Python SDK (sdk/python/) — buffered HTTP client that posts NDJSON to the Flight collector. Zero external dependencies (stdlib only).
HTTP Collector (src/collector.ts) — flight serve runs an HTTP server that accepts POST /ingest with NDJSON bodies, routing entries to per-session files. Enables any language to log via HTTP.
MCP Proxy (src/proxy.ts) — transparent STDIO proxy between MCP client and server. Intercepts JSON-RPC traffic for logging, hallucination detection, and optional token optimization.
Claude Code Hooks — PostToolUse, SessionStart, SessionEnd hooks installed via flight claude setup.

2. JSON-RPC Flow

Messages are newline-delimited JSON-RPC 2.0 objects. The parser (src/json-rpc.ts) uses readline to split on newlines, then JSON.parse each line.
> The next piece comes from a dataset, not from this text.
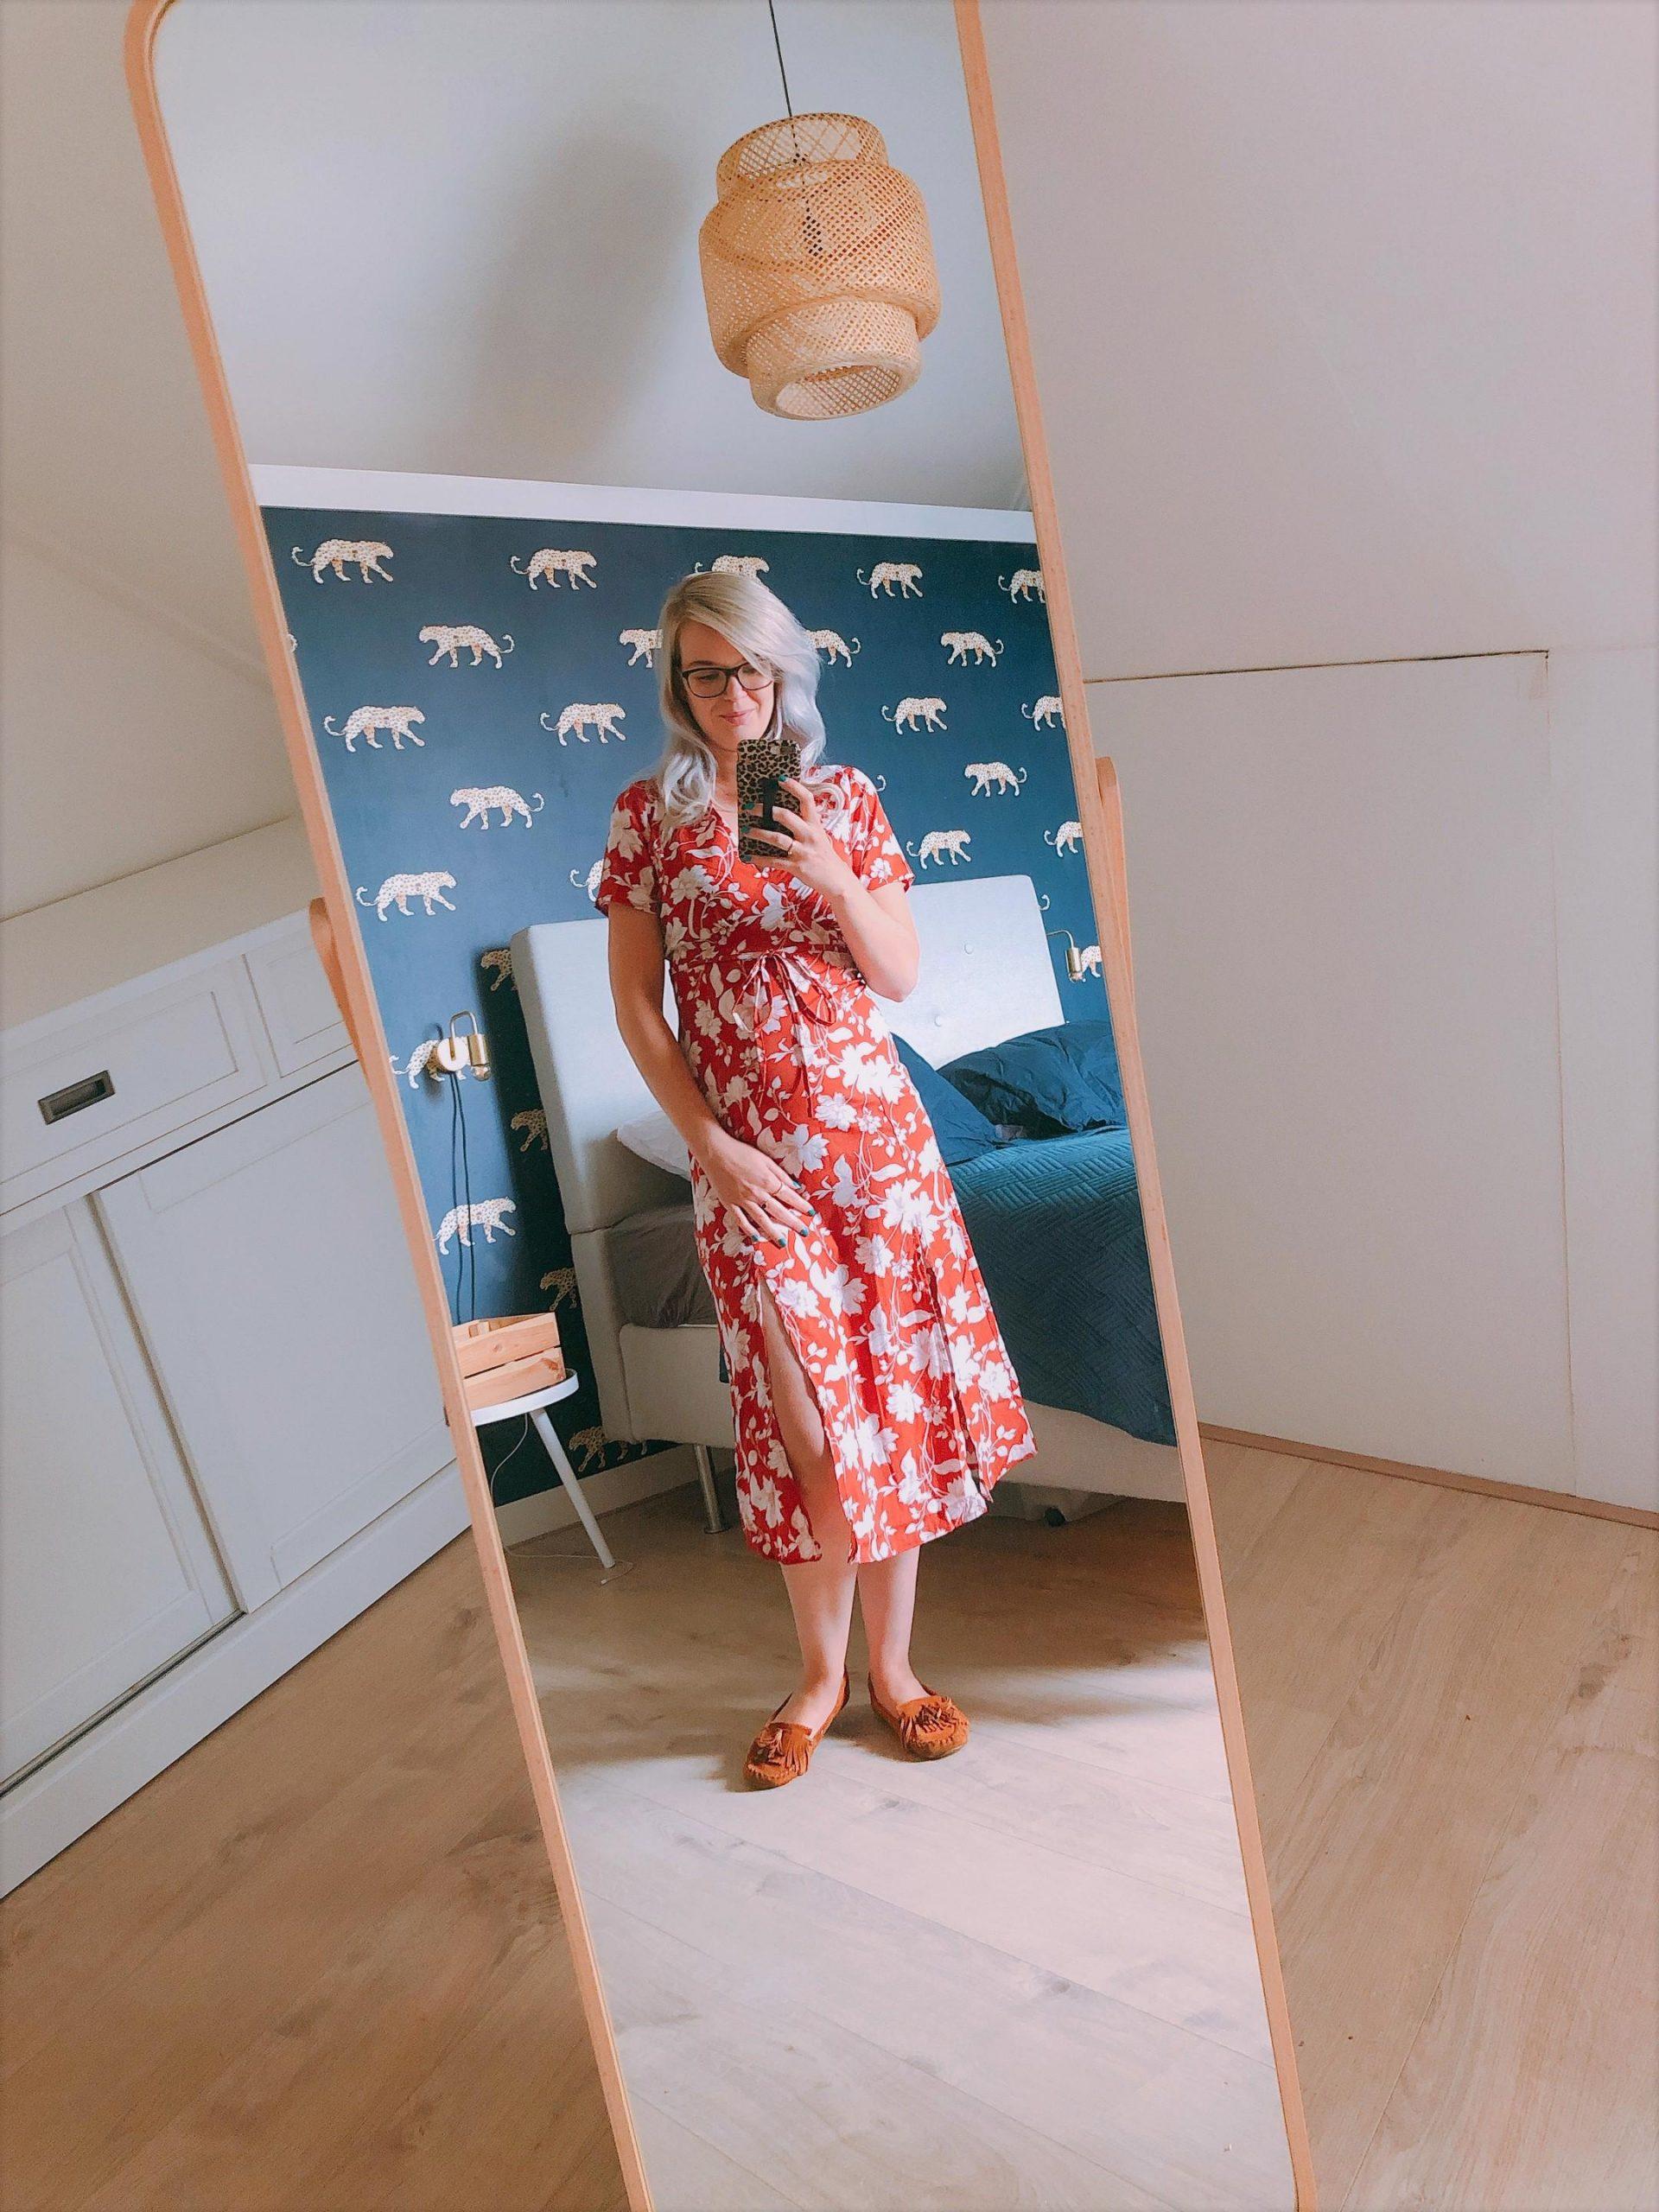 IMG 2988 2160x2880 1 scaled - Kledingshoplog - outfits updaten van zomer naar herfst & winter!

Parse errors emit an "error" event rather than crashing the proxy.

Client-to-Server Path

process.stdin
    |
    v
parseJsonRpcStream()          -- readline + JSON.parse per line
    |
    v
"message" event
    |
    +---> [PD Phase 3?] -----> intercept discover_tools call
    |         |                  - respond locally from cached schemas, no upstream call
    |         v
    +---> logger.log(msg, "client->server")
    |         |
    |         +---> hallucination hint check (did client proceed after error?)
    |         +---> loop detection (same tool+args 5x in 60s?)
    |
    +---> pendingClientRequests.set(id, msg)     -- track for latency + retry
    |
    v
upstream.stdin.write(JSON.stringify(msg) + "\n")

Server-to-Client Path

upstream.stdout
    |
    v
parseJsonRpcStream()
    |
    v
"message" event
    |
    +---> [pending retry?] --> if retry also failed, forward original error
    |                         if retry succeeded, forward success
    |
    +---> [auto-retry?] ----> if read-only tool + transient error:
    |         hold response, resend after 500ms, track in pendingRetries
    |
    +---> [PD active?] -----> intercept tools/list response:
    |         cache real schemas, apply phase-appropriate transformation
    |         (compress schemas and/or filter tools), log token savings
    |
    +---> logger.log(msg, "server->client")
    |         |
    |         +---> compute latency (now - pendingRequests[id].timestamp)
    |         +---> track in recentResponses (for hallucination detection)
    |         +---> emit error alert if msg.error present
    |
    v
process.stdout.write(JSON.stringify(msg) + "\n")

Upstream stderr

Captured via upstream.stderr.on("data"), logged as logError("upstream-stderr", text), and forwarded to the proxy's own stderr when not in quiet mode.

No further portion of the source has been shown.